Outreach Tactics · 2026-05-30 · 10 min read

27 ChatGPT Prompts for LinkedIn Connection Requests (That Get Accepted)

Key Takeaways

  • AI-written connection requests get declined when the prompt lacks real context, because ChatGPT fills the gap with generic, fluent language that decision-makers skip.
  • The 300-character LinkedIn limit has to live inside the prompt, or ChatGPT writes a note that gets truncated mid-sentence.
  • The strongest prompts pin down four variables (role, recent trigger, mutual context, and one ask) and demand three variants so you can pick the least robotic one.
  • Reachium's data shows acceptance peaks at 34% for accounts sending 10-19 invites a day and falls as volume rises, so prompt quality matters more than send count.
  • ChatGPT writes the first draft and a human edits one specific, true detail back in before sending, and that edit is what survives the recipient's AI filter.

27 ChatGPT Prompts for LinkedIn Connection Requests (That Get Accepted)

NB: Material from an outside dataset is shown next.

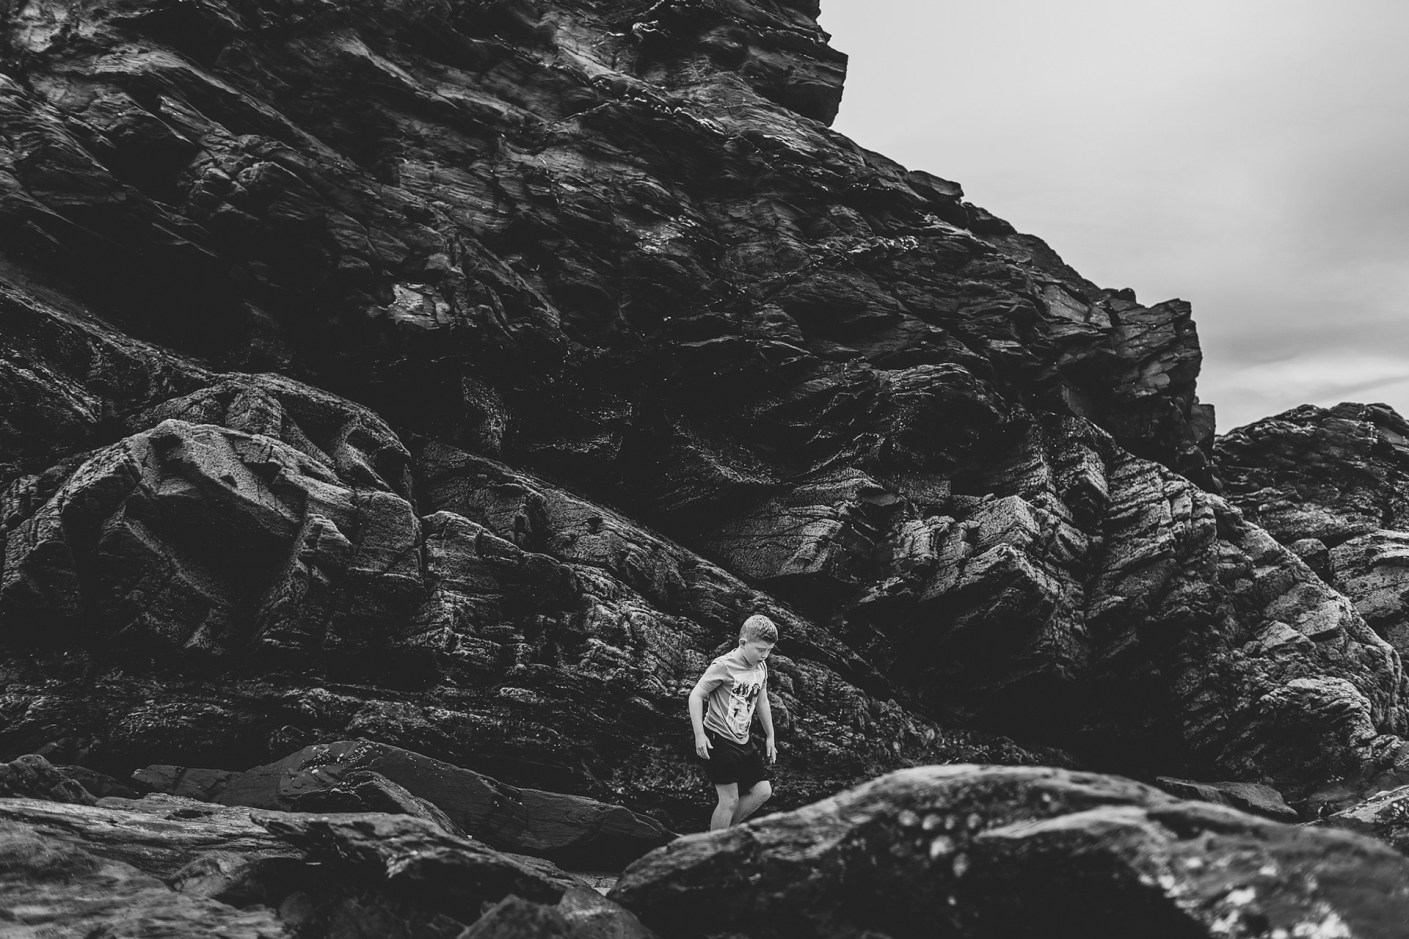 ben on the rocks

By Daniel Okoro, Outreach Tactics. Last updated: 2026-05-30


  • ChatGPT writes a fluent first draft, then drops the same three tells (over-polish, "I came across", a soft pitch) into every note.
  • The prompt only works if you feed it real context: the role, the recent post, the shared connection, the trigger.
  • The 300-character limit has to live inside the prompt, or ChatGPT writes a note that gets truncated mid-sentence.
  • More invites per day does not buy more accepts. The data shows the opposite.

Why do AI-written connection notes get ignored?

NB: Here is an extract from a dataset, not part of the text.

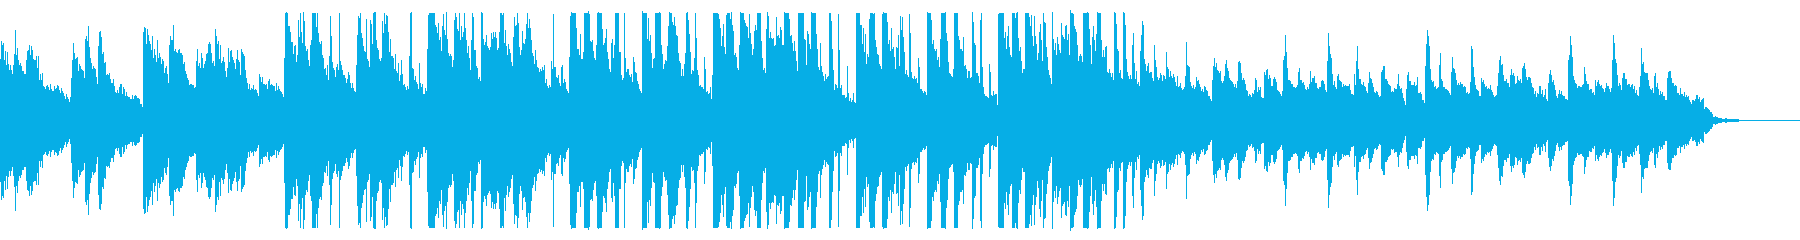 Neosoul CAFE BARの再生済みの波形

AI-written connection notes get ignored because ChatGPT optimizes for fluent, safe, generic language, which is exactly what a busy decision-maker has learned to skip. Out of the box, the model writes notes that are grammatically perfect and emotionally flat: "I came across your profile and was impressed by your work in the SaaS space." Nobody accepts that note because it could have been sent to ten thousand people, and it usually was.

There are two fixable failures. The first is the missing context. ChatGPT can only be specific if you hand it specifics, so a prompt that says "write a connection request to a marketing director" produces filler, while one that names her last post and the three tools she stopped trusting produces something a human might open. The second is the character limit. LinkedIn caps the connection note at 300 characters, and ChatGPT, left alone, writes 600 and gets cut off. The other reason notes fail has nothing to do with words: volume. Reachium's data across 316,703 LinkedIn outreach sequences on the verified API shows acceptance peaked at 34% for accounts sending 10-19 invites a day and fell to 30.6% at 20-29 a day. A perfectly prompted note still loses if it is buried in a 100-a-day blast, the failure mode covered in why you should stop sending 100 connection requests per day.

What variables make a connection-request prompt work?

A connection-request prompt works when it pins down four variables: who you are, who they are, the one specific thing connecting you right now, and the single low-friction ask. Strip any of them and ChatGPT defaults to filler.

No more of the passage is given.